Source material:

::::::::::

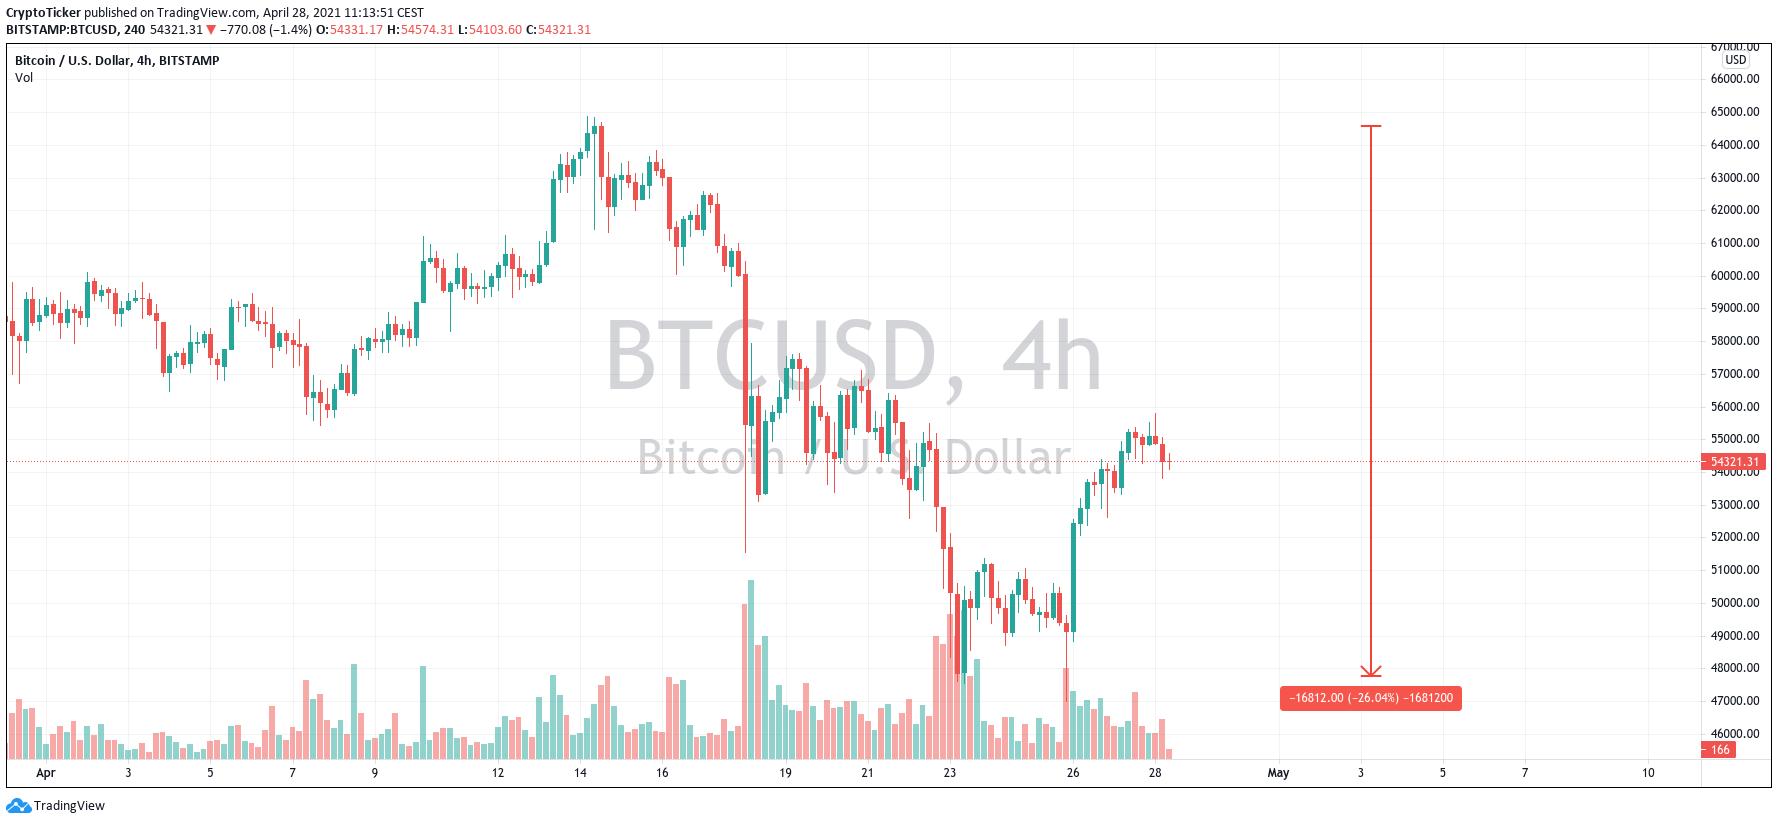 BTC/USD 4-hour chart showing the crash that happened last week
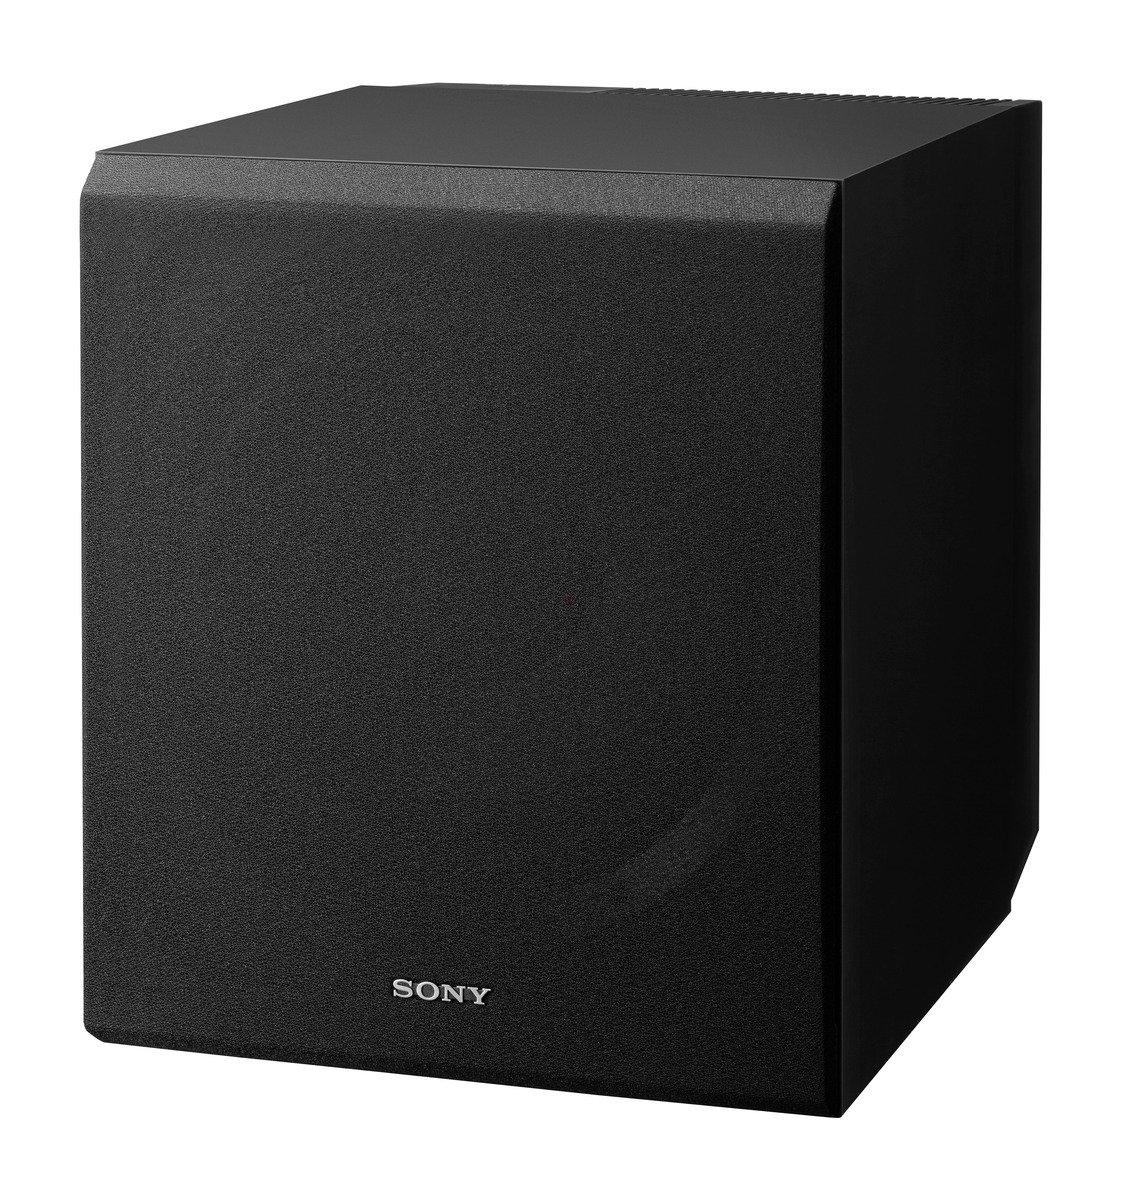 Sony Speaker System Amazon Sale On 4 Different Sony
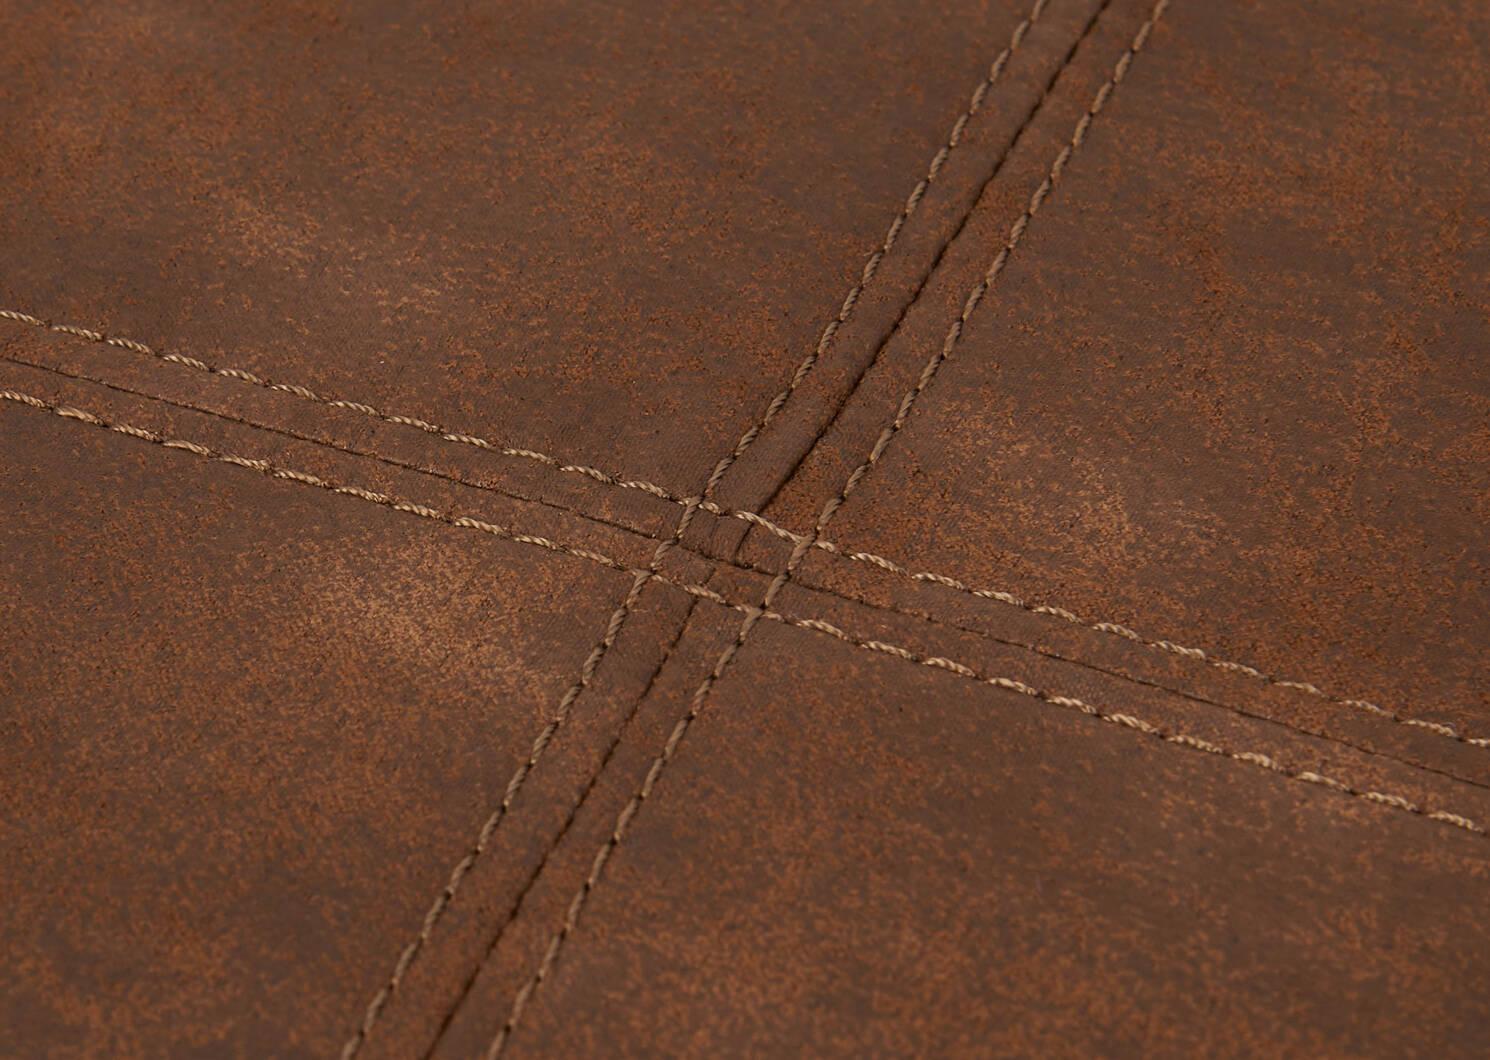 R-pieds carré Tarek -Pierre brun clair

::::::::::

Instructions to follow: Only the words belong in your copy: restate the data above exactly and leave the images out.

Exercise result:
 BTC/USD 4-hour chart showing the crash that happened last week
 Sony Speaker System Amazon Sale On 4 Different Sony
 R-pieds carré Tarek -Pierre brun clair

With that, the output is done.